- Developer: Blue Isle Studios
- Publisher: Blue Isle Publishing
- Platform: Windows
- Release: 2026
- Genre: Survival horror
- Mode: Single-player

= S – Lost Chapters =

Upcoming video game

S: Lost Chapters is an upcoming survival horror game developed and published by Blue Isle Studios, scheduled for release on Windows. Following Slender: The Arrival (2013), it will be the third entry in the Slender series of video games that started with The Eight Pages (2012).

== Plot ==
As a sequel to Slender: The Arrival, S: Lost Chapters will build on and expand the lore around the creepypasta character Slender Man. The game will narratively mix both old and new stories, taking place at familiar and unknown locations and introducing new characters. Blue Isle Studios described the plot as a "narrative where the events of the past merge with the mysteries of the present, creating a web of interconnected stories". S: Lost Chapters is expected to use the cut portion of the Slender: The Arrival storyline that was written by Troy Wagner, Joseph DeLage, and Tim Sutton, which reportedly was downsized to 20% of its original plot.

== Gameplay ==
Similar to its predecessors, S: Lost Chapters is a survival horror game played from a first-person perspective. It will feature new enemies, both new and old settings, and new game mechanics. Compared to The Eight Pages (2012) and The Arrival (2013), whose gameplay was simple and consisted primarily of walking, hiding, dodging, and escaping, Lost Chapters will feature more complex, survival-centered mechanics requiring strategic thinking and decision-making.

== Development and release ==
In a 2014 interview with the horror game news and review website Rely On Horror about the studio's future plans, Blue Isle Studios stated that "there's still enormous potential for all kinds of stories to be told in this [the Slender Man's] universe", and that "[d]oing a sequel or even a trilogy has definitely crossed our minds at some point".

Following the release of a 14-second teaser trailer on June 22, 2023, and a countdown on its official website, S: Lost Chapters was announced by Blue Isle Studios on July 27, 2023, alongside the tenth-anniversary remake of Slender: The Arrival.
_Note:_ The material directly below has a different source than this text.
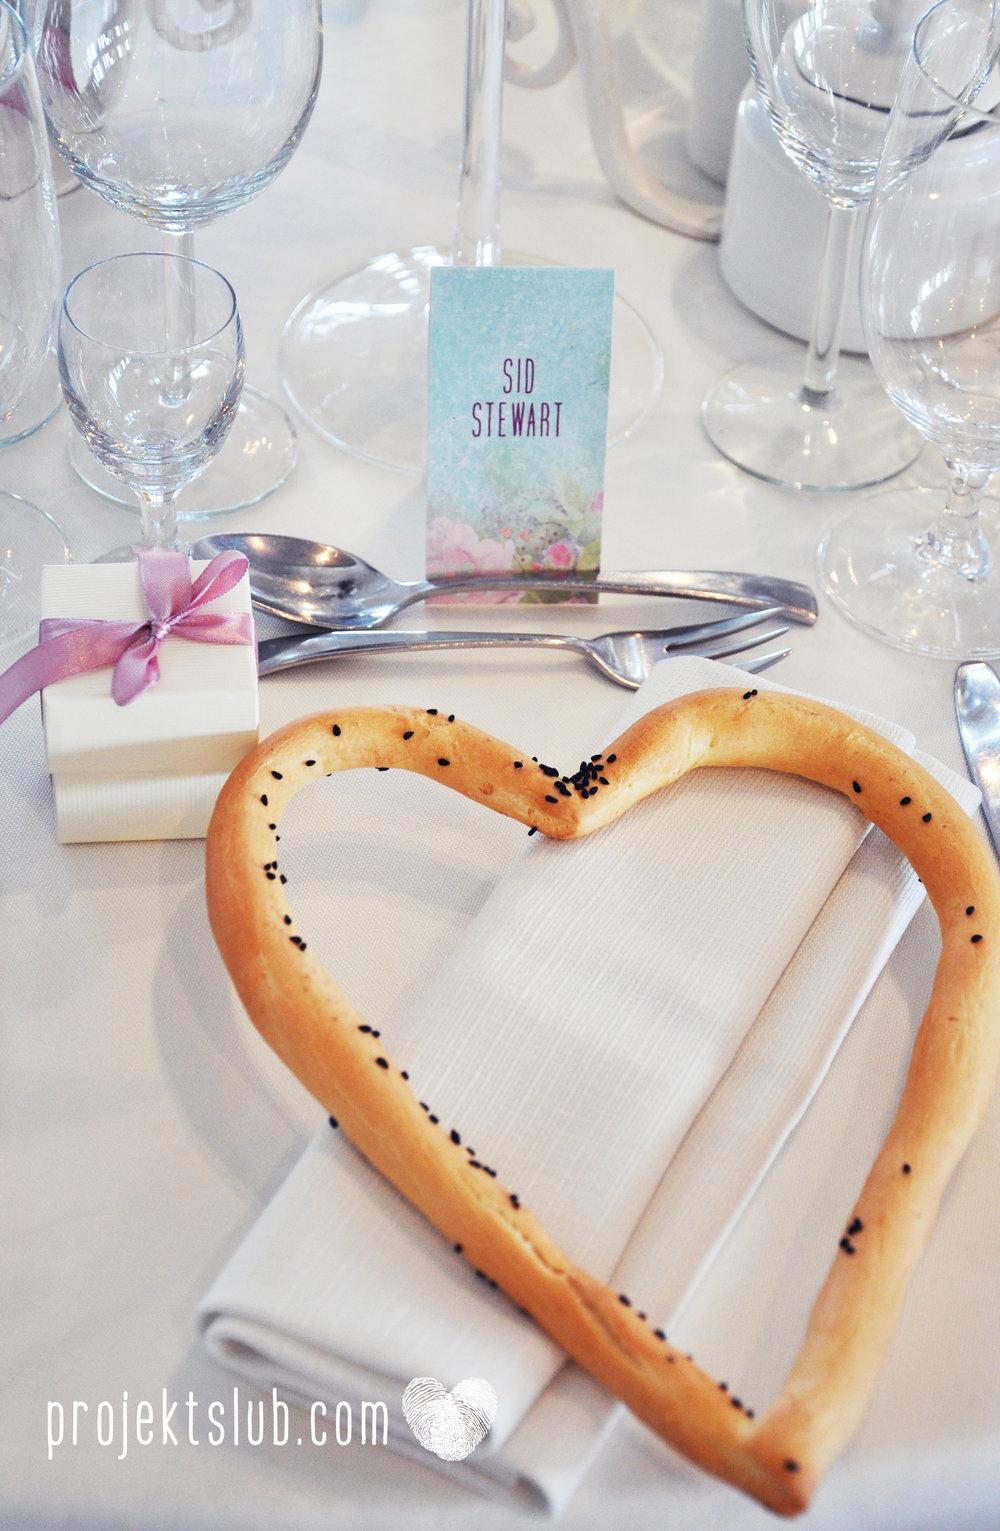 Zaproszenie ślubne BOHO WIANEK rustykalne wesele romantyczne kwiaty pastele Projekt Ślub (35).jpg

Said announcement included screenshots of the game, but no formal trailer was released. In an October 2023 interview with Game Rant, Brenden Frank, the co-founder and technical director of Blue Isle Studios, said: "The game is under tight wraps, and until we’re ready to make bigger announcements, we intend to keep it that way". Originally planned for a release sometime in 2024, the game was delayed. It will be available on Windows via Steam.